# DATA RECORDS:
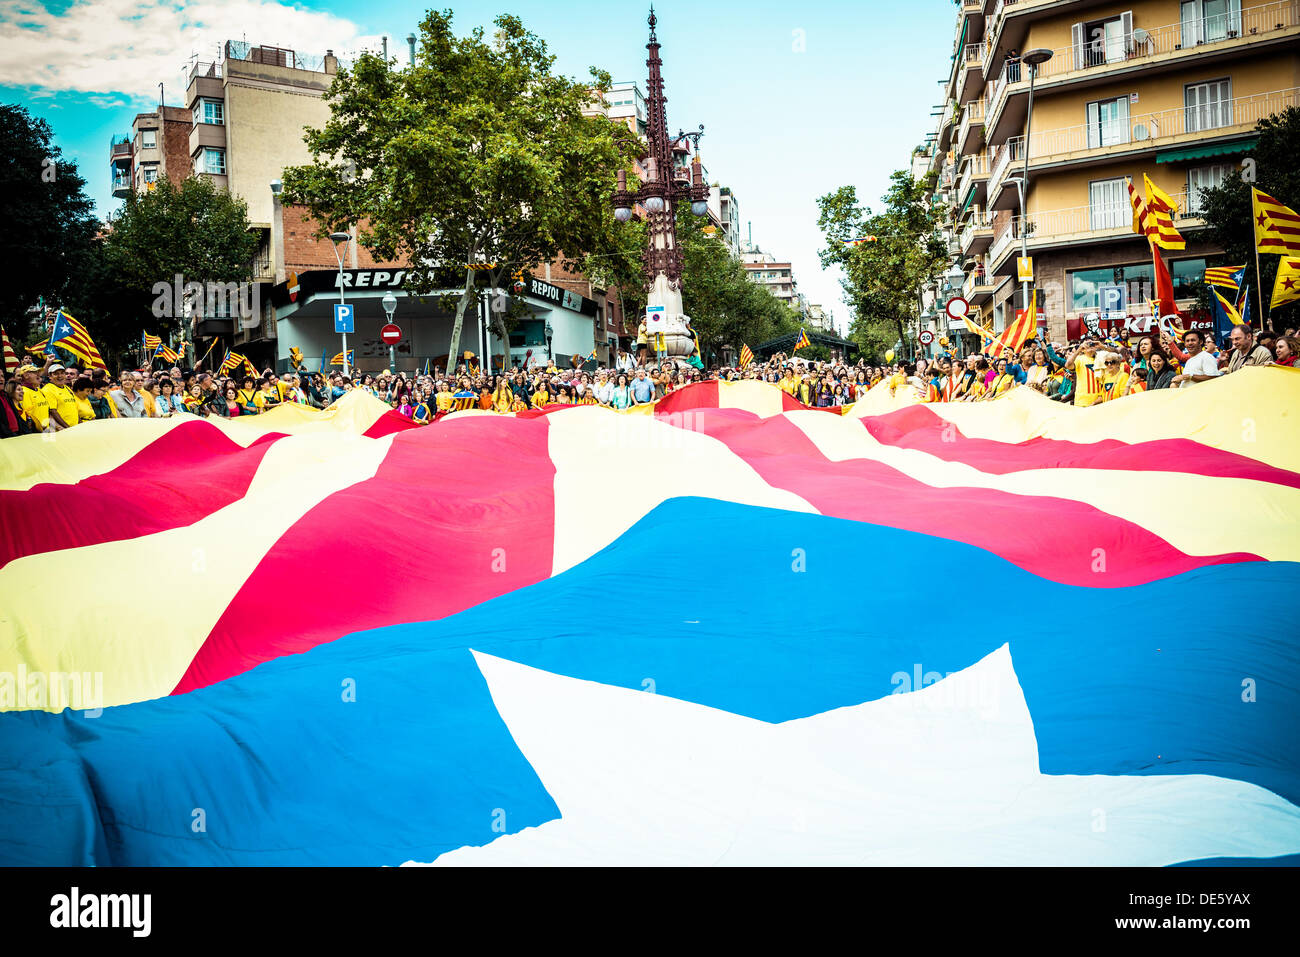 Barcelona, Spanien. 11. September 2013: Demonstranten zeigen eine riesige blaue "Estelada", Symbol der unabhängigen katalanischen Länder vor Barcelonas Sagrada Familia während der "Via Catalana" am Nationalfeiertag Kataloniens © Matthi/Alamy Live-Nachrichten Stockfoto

==

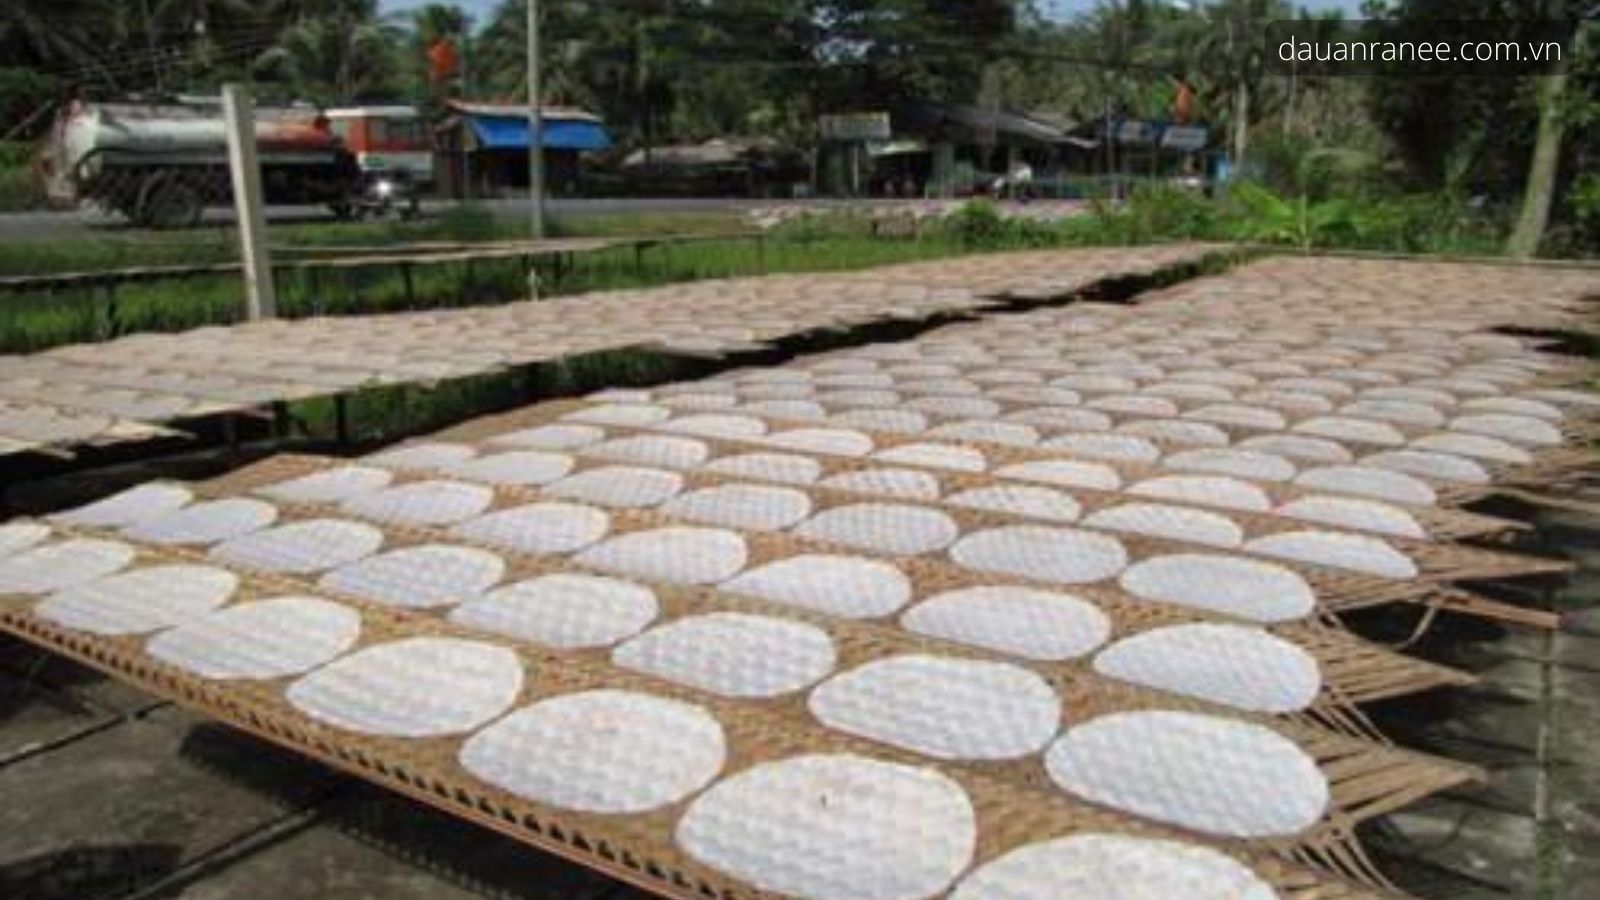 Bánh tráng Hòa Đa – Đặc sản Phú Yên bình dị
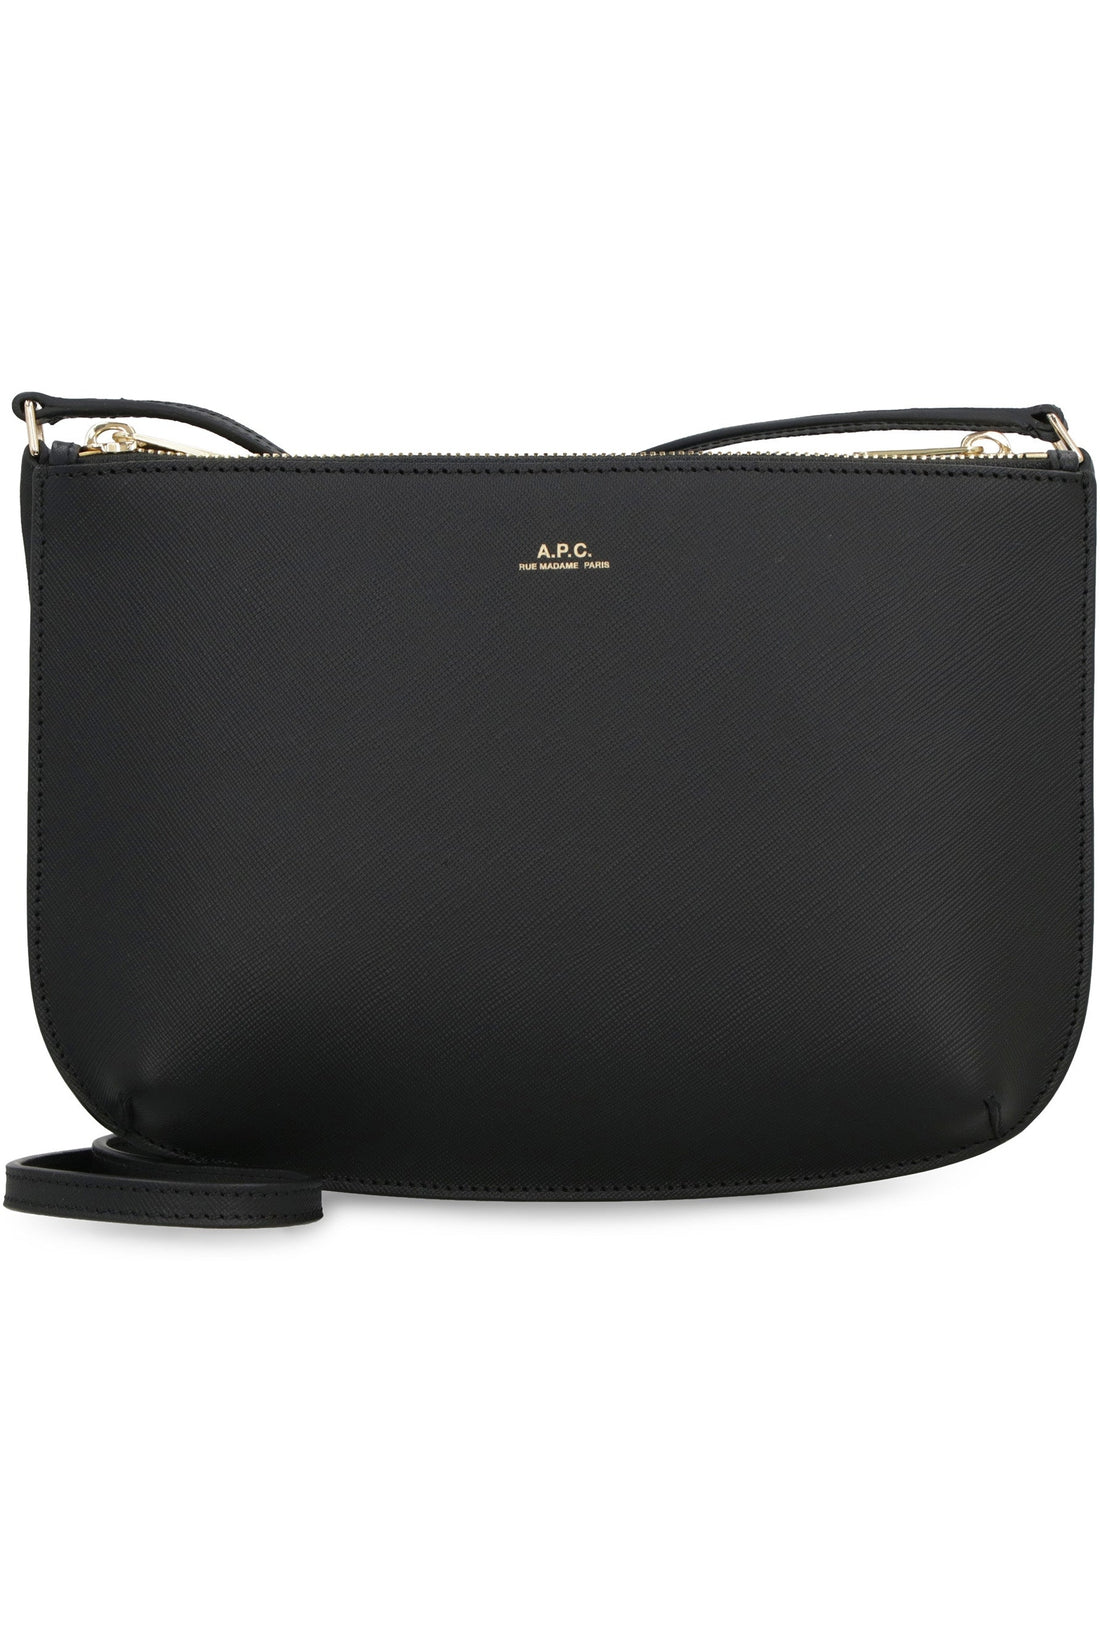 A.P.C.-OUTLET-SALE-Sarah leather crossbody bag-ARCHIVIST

# EXERCISE DIRECTIONS:
Give back exactly, and solely, the section of the data above bounded by the line containing "Bánh tráng Hòa Đa – Đặc sản Phú Yên bình dị" and the line containing "A.P.C.-OUTLET-SALE-Sarah leather crossbody", both bounding lines included and pictures omitted.

# RESPONSE AREA:
 Bánh tráng Hòa Đa – Đặc sản Phú Yên bình dị
 A.P.C.-OUTLET-SALE-Sarah leather crossbody bag-ARCHIVIST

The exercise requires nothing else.